Ему двадцать два. Всего на год старше меня. Я знаю его возраст лишь потому, что как-то услышал, как он назвал его кому-то шесть месяцев назад. Думаю, он студент. Иногда я замечаю его перед сменой, когда он сидит за столиком в углу в стороне от толпы: учится, печатает, пишет, читает. Он левша.

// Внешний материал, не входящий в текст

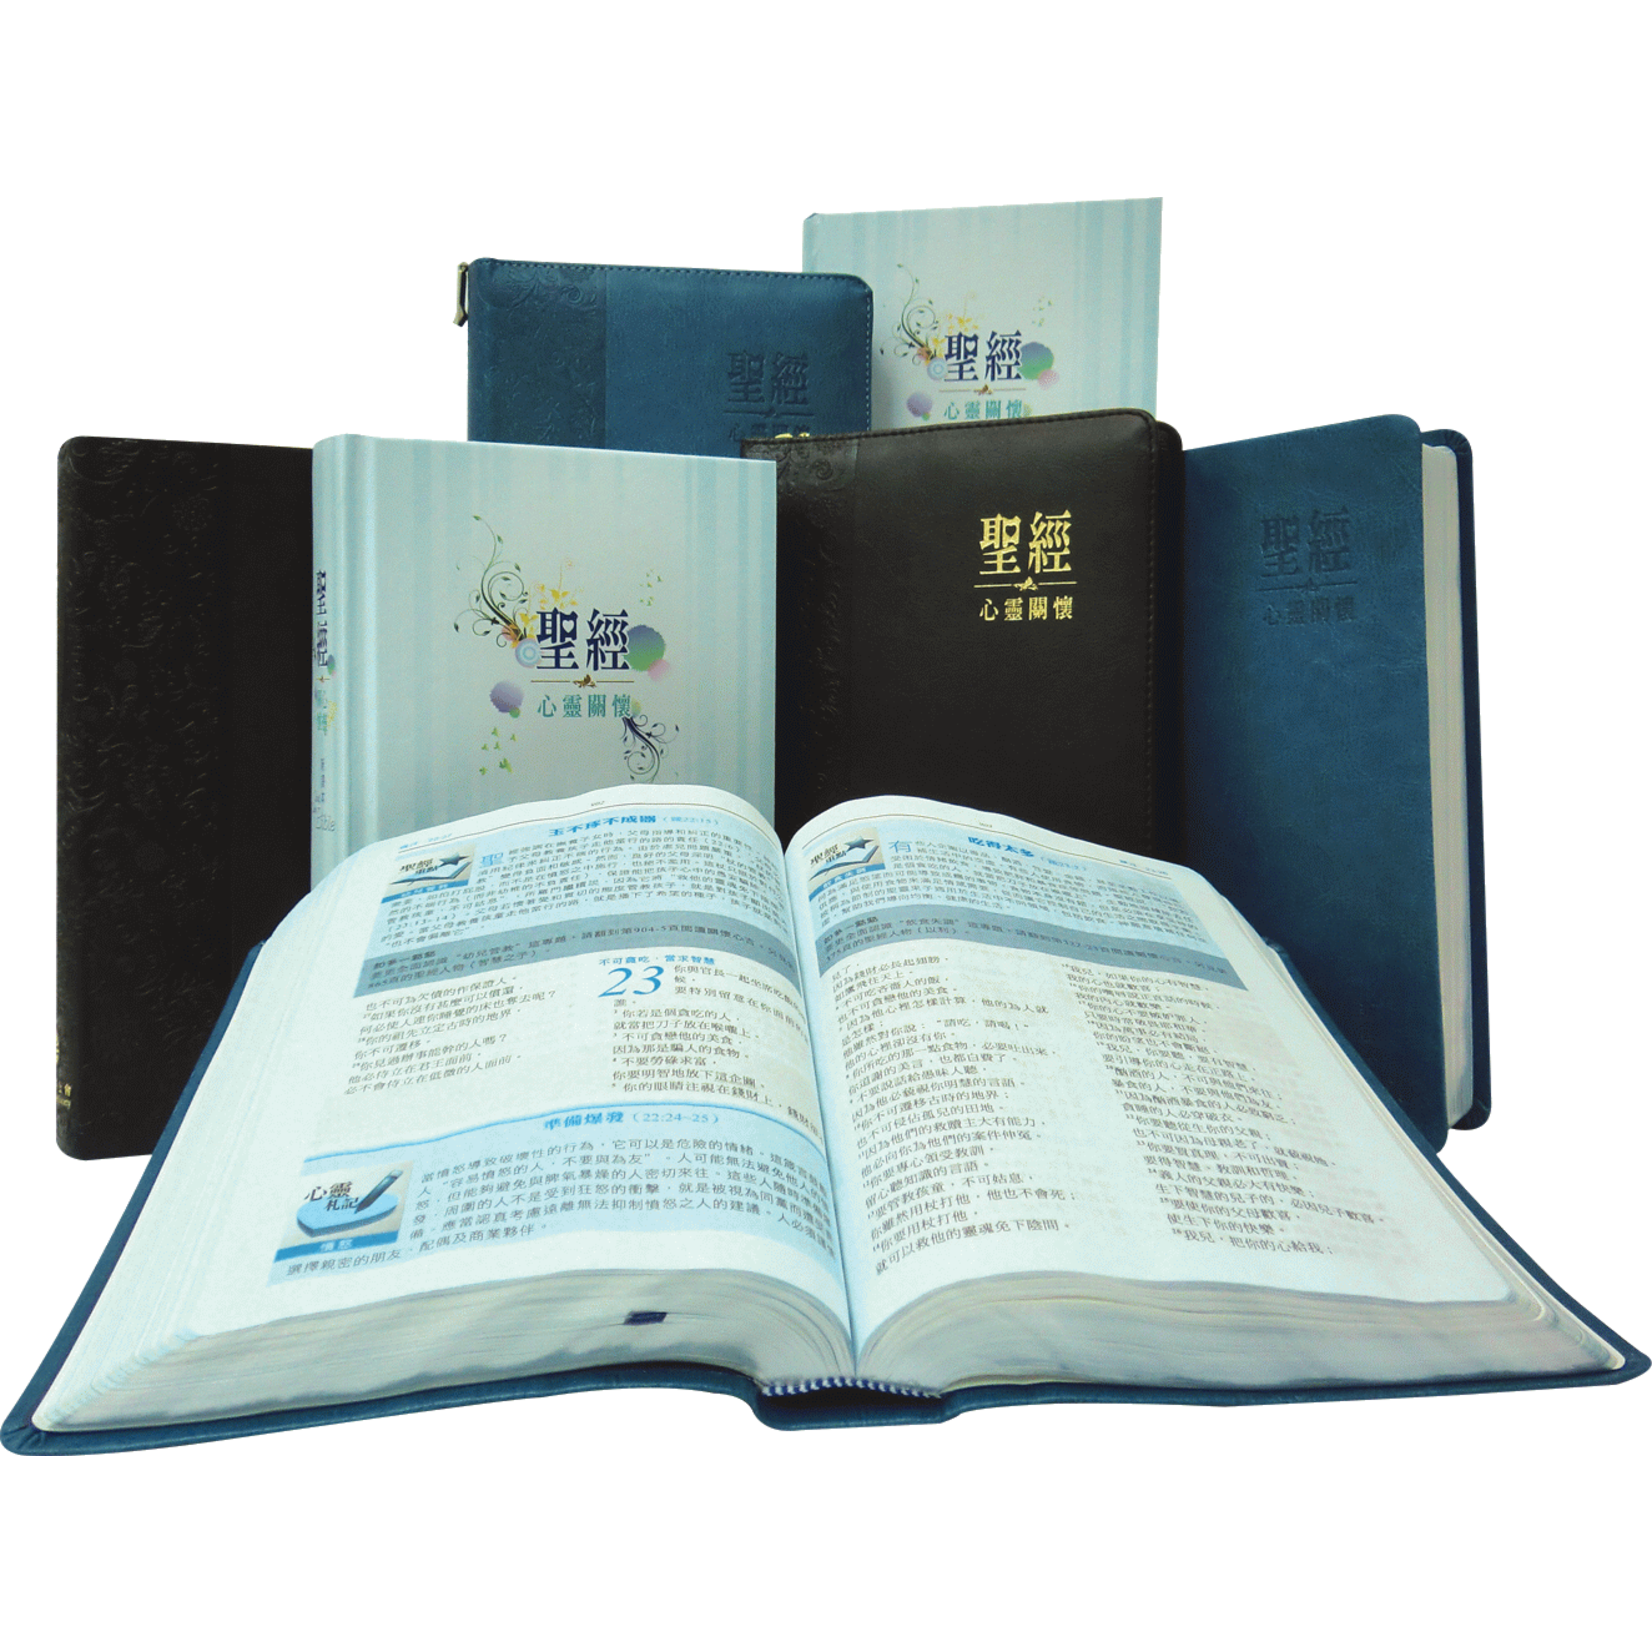 環球聖經公會 The Worldwide Bible Society 心靈關懷聖經・新譯本・彩色精裝白邊・簡體 CNV Soul Care Bible Simp., Standard, Color Hardback Cover, White Edge

Это мне известно лишь потому, что его манера держать карандаш чертовски милая. Возможно ли держать карандаш безупречно?

Ответ на этот вопрос – да.

Потому что он делает это безупречно.

Отлично. Девушка уходит.

Наконец-то.

Может, он флиртует с ней только ради хороших чаевых.

Но если подумать... Я всегда даю ему на чай двести рублей, и он ни разу не заигрывал со мной. Он точно не гей. Его не интересуют парни.

Но наверное, это не должно иметь значения. Я, скорее всего, умру, если он когда-нибудь приударит за мной. Просто окочурюсь прямо на полу перед стойкой.

Да, это хорошо, что он не строит мне глазки.

Кто-то садится на стул рядом со мной, отчего я подпрыгиваю. Как раз собираюсь закрыть чистую страницу документа, когда вспоминаю, что на заставке рабочего стола у меня зернистая картинка его, работающего за прилавком. Я сделал её телефоном, когда никто не видел.

Да.

Пустой белый экран менее унизителен.

— Я знаю, что ты делаешь, — рядом раздаётся низкий тихий голос, настолько тихий, что только я слышу его.

— Пересаживаюсь, — даже не заботясь глянуть на источник, произношу я. Кто этот парень? Разговаривает со мной, словно знает меня! Разве я демонстрировал какое-то желание поговорить с кем-то? Надо было надеть эти хипстерские наушники, которые мне подарили родители на день рождения.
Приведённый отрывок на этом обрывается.